= Nehale lyaMpingana Constituency =

Electoral constituency in the Oshikoto region of northern Namibia

Nehale lyaMpingana constituency (red) in the Oshikoto Region

Nehale lyaMpingana Constituency is an electoral constituency in the Oshikoto Region of Namibia, named after Nehale lya Mpingana, one of Namibia's National Heroes. It was created in August 2013, following a recommendation of the Fourth Delimitation Commission of Namibia, and in preparation of the 2014 general election. The constituency office of Nehale lyaMpingana is in Omboto, 120 Kilometers east of Omuthiya in an extremely remote area. As of 2020 the constituency had 5,879 registered voters.

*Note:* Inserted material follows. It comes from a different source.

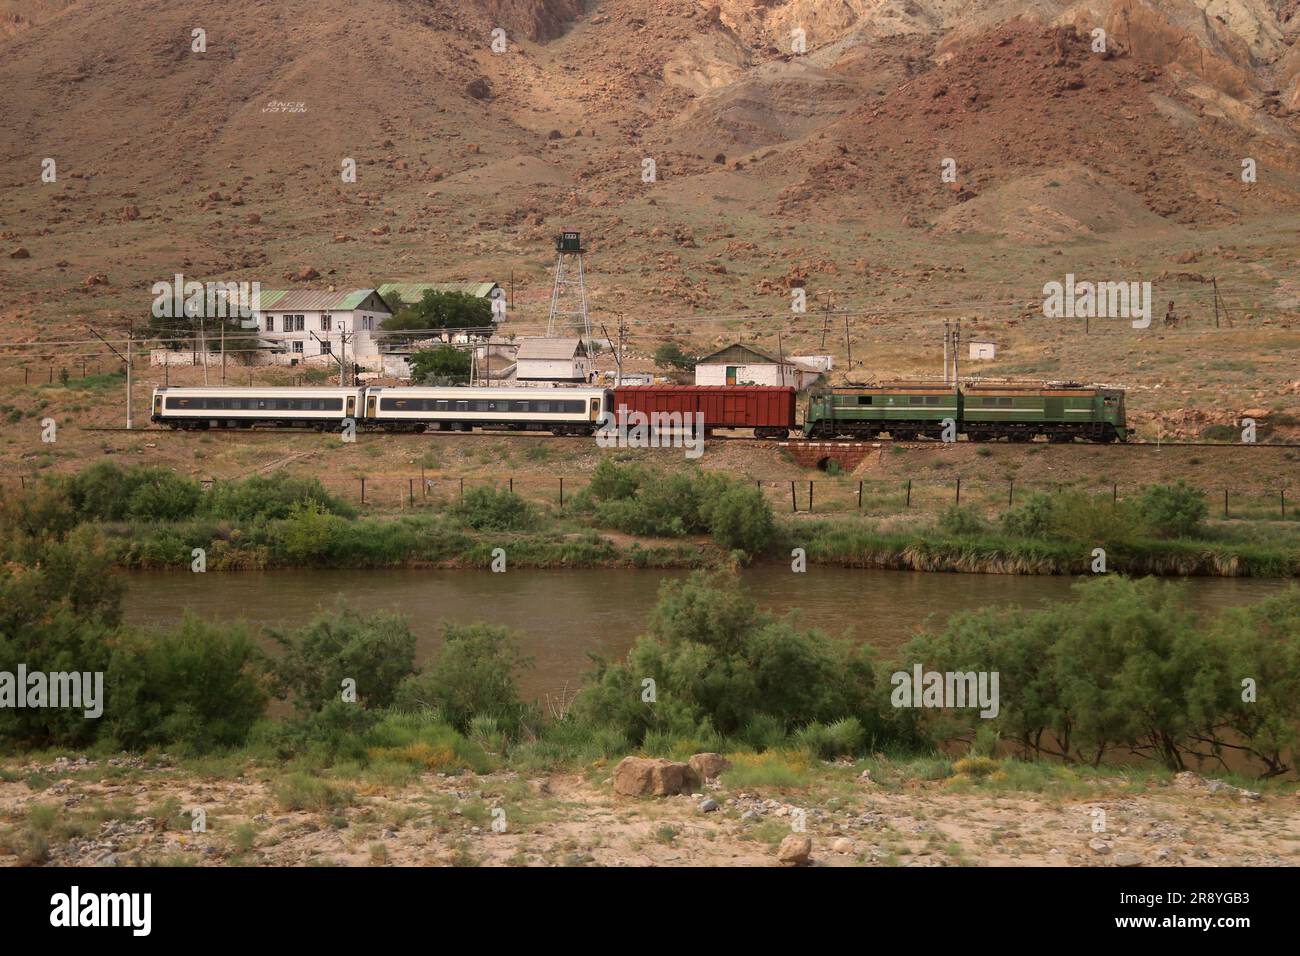 21 de junio de 2023, Jolfa, Azerbaiyán Oriental, Irán: Una parada de tren en una estación de tren cerca del río Aras en la frontera entre el noroeste de Irán y Azerbaiyán. El Aras (los Araks, Arax, Araxes, o Araz) es un río en el Cáucaso. Se levanta en el este de Turquía y fluye a lo largo de las fronteras entre Turquía y Armenia, entre Turquía y el exclave de Najicheván de Azerbaiyán, entre Irán y Azerbaiyán y Armenia, y, finalmente, a través de Azerbaiyán, donde desemboca en el río Kura. Drena el lado sur de las montañas del Cáucaso Menor, mientras que el Kura drena el lado norte del Cáucaso Menor. Foto de stock

The constituency borders the constituencies of Guinas, Omuthiyagwiipundi Constituency, Eengodi, and Okankolo.

==Politics==
Nehale lyaMpingana constituency is traditionally a stronghold of the South West Africa People's Organization (SWAPO) party.

In the 2015 local and regional elections the SWAPO candidate won uncontested and became councillor after no opposition party nominated a candidate. The SWAPO candidate also won the 2020 regional election. Josef Shilongo received 2,245 votes, well ahead of Vilho Mwapopi of the Independent Patriots for Change (IPC), an opposition party formed in August 2020, with 189 votes.